March 30, 2020
Roads, being mapped.
I have spent all of two weeks with a public roadmap. Some notes thus far:
- I’m at least a little bit incentivized to make things clean and legible for a (largely theoretical) audience, which has forced me to do more planning and writing out of things as opposed to just my doctor’s handwriting scrawl in GitHub Issues, where I had open tickets like “subscriber .biz bad fix”.
- It’s already growing a little overgrown; there are too many fields and metadata to be a breezy read.
- Forcing myself to have this be the single source of truth rather than a PR or Things has worked well so far, even if it means adding some stuff that makes absolutely no sense to the casual observer:
A note on the above item is that I’m growing increasingly intrigued about breaking out email validation into its own API or product as it grows more important (and gnarly/painful.) I am oddly proud of some of the architectural work, but I definitely need to take another look at all of the volume I’m sending Mailgun recently: that bill is starting to dwarf Heroku (and everything else) when I can probably do something along the lines of “if this email is from hotmail assume it’s garbage”.
Internationalization
I am thinking a lot about internationalization. More than half of Buttondown’s revenue comes from non-American users; I have gestured wildly towards internationalization being on my roadmap forever and really not seriously done anything with it, and I think it’s about time to change.
My only experience with i18n/l10n was from my iOS days, which is perhaps why I’ve been so hesitant: it is a pain. Localizing strings is annoying to do from a code perspective and an administrative perspective. I’d limit this purely to public-facing stuff (which is to say: I wouldn’t translate anything on Buttondown’s app, just on the newsletters; localizing the subscriber experience but not the author experience), which definitely constrains the scope somewhat, but still.
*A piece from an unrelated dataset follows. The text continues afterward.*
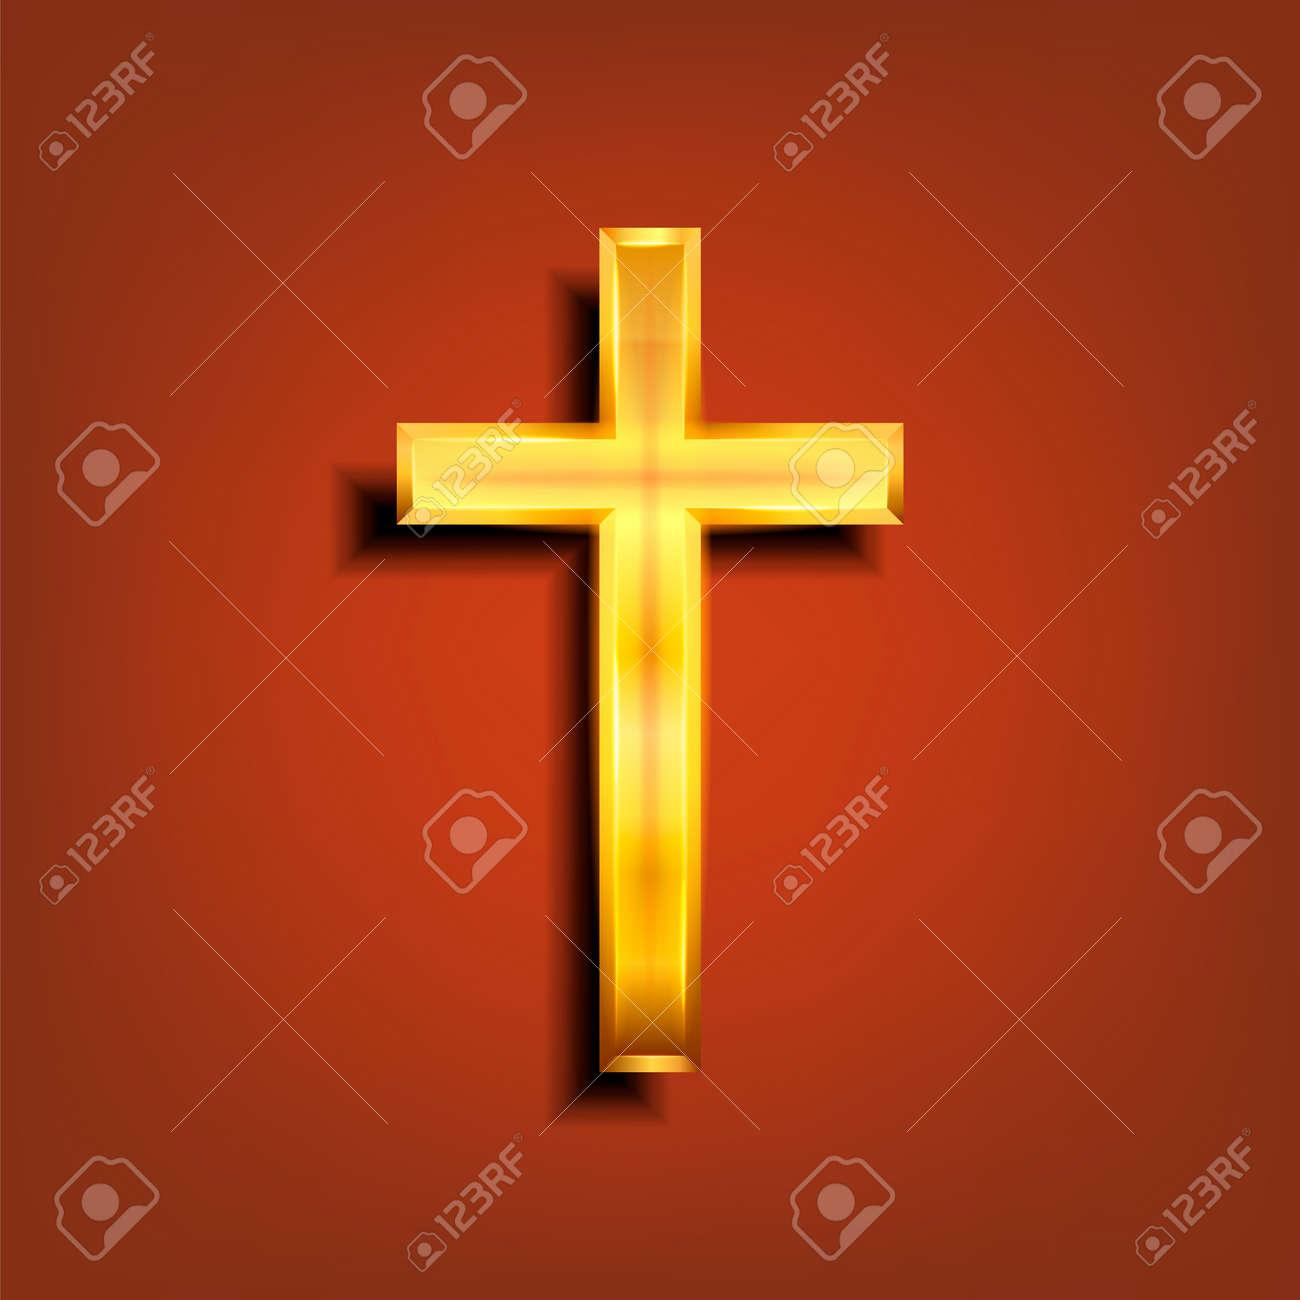 Golden Christian cross. Realistic cross isolated on background. Vector illustration. - 164872022

I think the first two steps are to identify the cohort of relevant pages and the cohort of languages, and the latter is more or less set in stone: French, Spanish, and Italian. I have no idea what the cost breakdown will be like, which is always, uh, fun. But the impulse to avoid projects that can’t be solved with coding is one I need to break, and this is a good work in that direction.
Feinting towards resilience
I have a status page now! It’s not quite live yet; it still needs a webhook integration with Pingdom that I need to roll myself for reasons passing understanding, and I need to link to it from the main app, but it’s getting there.
(It is very wild that I have to roll my own webhook integration to just get Pingdom talking with StatusPage correctly, but the alternative is jumping my Pingdom subscription to $149/month. I’m all for spending money to save engineering labor, but…that’s a lot of money for very little labor.)
This was spurred by Heroku’s outage last week that I’ve been meaning to read about. Recently, someone asked what I would do if Mailgun went down, and, well, I didn’t have a great answer — which, I suppose, is why the header of this section is feinting towards resilience. Visibility is the first step; building out SES rails is the second step.